China’s Foreign Minister Wang Yi is calling for the immediate reopening of the Strait of Hormuz, the narrow waterway that functions as the world’s most important oil chokepoint. The push comes on the heels of an initial peace agreement between the US and Iran.
While the strait was restricted, Iran reportedly started accepting Bitcoin and Chinese yuan for vessel transit fees.
What happened at the strait
On June 15, 2026, Chinese officials publicly urged the restoration of normal navigation through the Strait of Hormuz. Chinese foreign ministry spokesperson Lin Jian echoed Wang Yi’s position, framing the reopening as essential for global trade stability.
Back in early May 2026, Wang Yi met with Iranian Foreign Minister Abbas Araghchi, pressing for the restoration of normal navigation “as soon as possible.”
The strait had faced blockades and restrictions during the preceding US-Iran conflict period, which escalated from around mid-March 2026. The Strait of Hormuz handles approximately 20% of the global oil trade daily.
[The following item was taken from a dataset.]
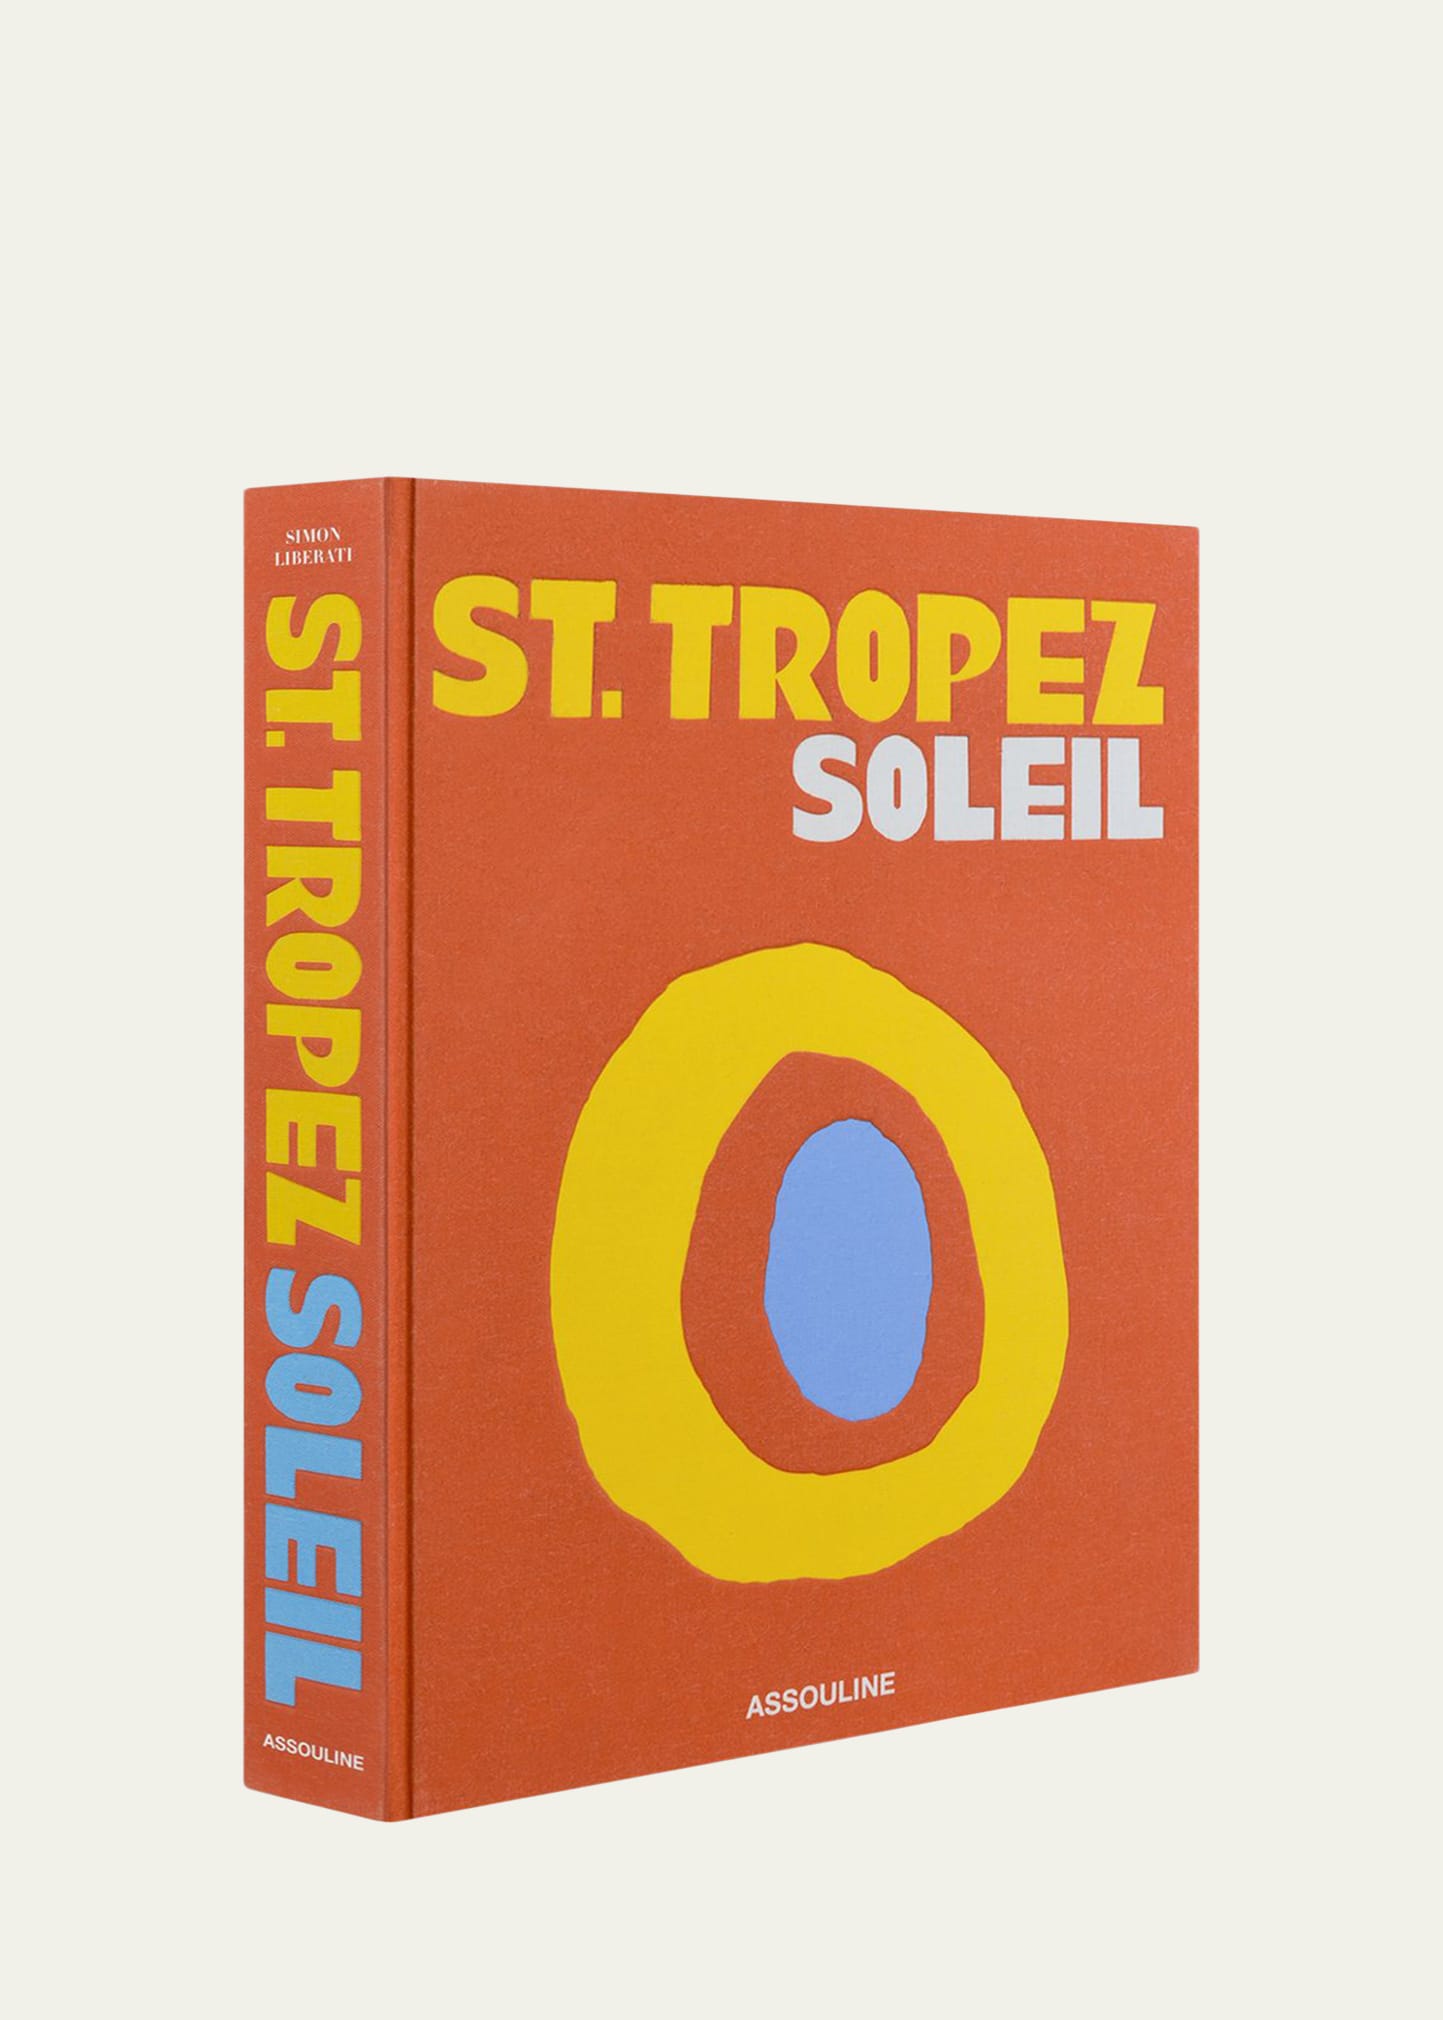 "St. Tropez Soleil" Book

Bitcoin in the shipping lanes
Iran reportedly accepted Bitcoin and yuan payments for transit fees and what amounted to “Hormuz Safe” insurance-style arrangements for vessels passing through. Tolls for safe passage reportedly reached as high as $2 million per vessel in some cases.
China’s mediator play
US officials have reportedly noted China’s influence in helping reopen the waterway without additional restrictions. China is the world’s largest crude oil importer, and a significant portion of those imports transit the strait.
Wang Yi’s May meeting with Araghchi laid the diplomatic groundwork for China’s June 15 public push, with China positioning itself as a regional broker capable of delivering outcomes.
What this means for investors
The reopening of the Strait of Hormuz, if it holds, could meaningfully shift the trajectory of oil prices. During the restriction period, supply disruption fears likely contributed to elevated energy prices.
For crypto markets, Iran’s use of Bitcoin to collect maritime tolls of up to $2 million per vessel represents one of the most concrete examples of cryptocurrency serving a functional role in geopolitical standoffs, validating Bitcoin’s use as a settlement layer in environments where traditional finance is compromised by sanctions.
The yuan component underscores Beijing’s broader strategy of positioning the renminbi as an alternative to the dollar in international trade, particularly in regions where US sanctions create friction.